本研究之創新為在既有金屬3D列印製程上建立不同金屬為對應基材，並於此基材上堆疊出建立的特徵，進而分析此特徵之尺寸精度及表面完整性。其中利用田口實驗方法 (Taguchi Methods, L9 Test array) 與變異數分析 (ANOVA)，找出鈦合金 (Ti-6Al-4V) 與不鏽鋼 (SST316L) 兩種合金材料透過選擇性雷射熔化 (SLM) 分別燒結於鈦 (Commercial pure, G1) 與不鏽鋼 (AISI316) 異質金屬工件之最佳製程參數組合。本實驗之參數組合參考三種可變因子、三水平 (雷射瓦數：100-200 W；脈衝時間：50-100 μs；焦點間距：35-70 μm) 的田口L9直交表，固定因子為:雷射掃描速度 (Ti-6Al-4V：70 mm/s，SST316L：220 mm/s) 、堆疊層厚 (Ti-6Al-4V：50 μm，SST316L：30 μm)、掃描間距 (Ti-6Al-4V：110 μm，SST316L：125 μm)。於雷射熔化製程後，觀察九種參數在密度、空孔率、尺寸變異 （直徑和高度）、拉伸應力等各項定量指標在工件上的變化，並從中找出最佳雷射熔化參數；而定性指標為顯微硬度、顯微組織、合金成分變異。前者利用統計分析方法中的變異數分析 (ANOVA)，找出各項指標中之顯著因子；後者則利用金相顯微鏡觀察、分析雷射熔合粉末之金屬顯微組織變化，最後將各指標進行分析與結論。

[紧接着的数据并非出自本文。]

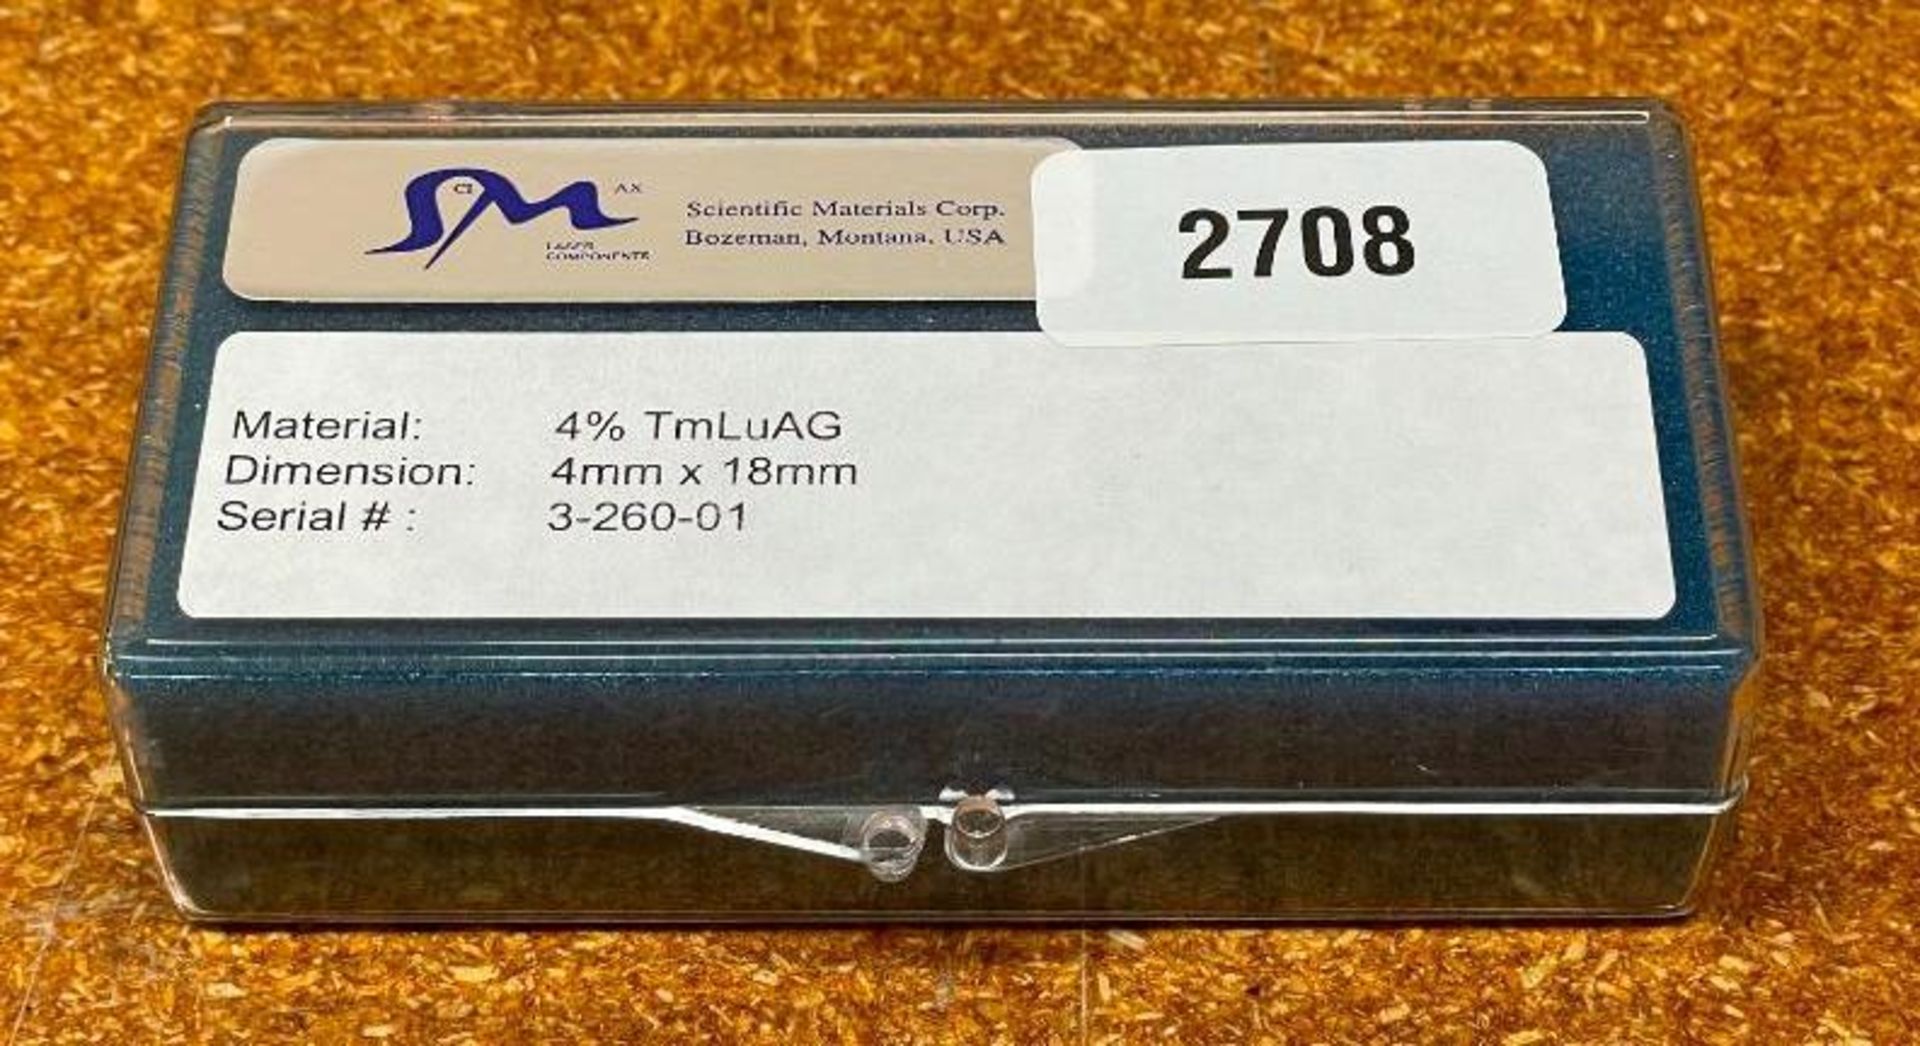 Tm:LuAG LASER ROD BRAND/MODEL: SCIENTIFIC MATERIALS INFORMATION: 4% Tm, 4X18mm QTY: 1 - Image 2 of 2

This study presents a state-of-the-art concept to layer metallic powder on a metallic carrier which is in different constituent. This may inducing a new application on repairing or composing metallic features in a composite forms. The preferred selective laser melting (SLM) process parameters for Ti alloy (Ti-6Al-4V) and stainless steel (SST316L) stacking onto heterogeneous metals Titanium (commercial pure, G1) and stainless steel (AISI316) respectively are examining by Taguchi Method (L9 Test array) and ANOVA. The parameter combinations were implemented by Taguchi L9 orthogonal array of three-factor model with fixed factors, such as laser scanning speed (Ti: 570 mm/s, SST316L: 220 mm/s), layer thickness (Ti: 50 μm, SST316L: 30 μm) and scanning spacing (Ti: 110 μm, SST316 L: 125 μm) . After SLM process, this study disclosed the best laser melting parameters by quantitatively observing the indexes, such as density, porosity, dimensional deviations (diameter and height) and tensile stress. etc., upon nine types of process parameters. Moreover, qualitative indexes includes micro-hardness, metallographic analysis and element changes in alloy. The former was performed by ANOVA to find out main factors within all indexes and the latter was executed by metallographic examination.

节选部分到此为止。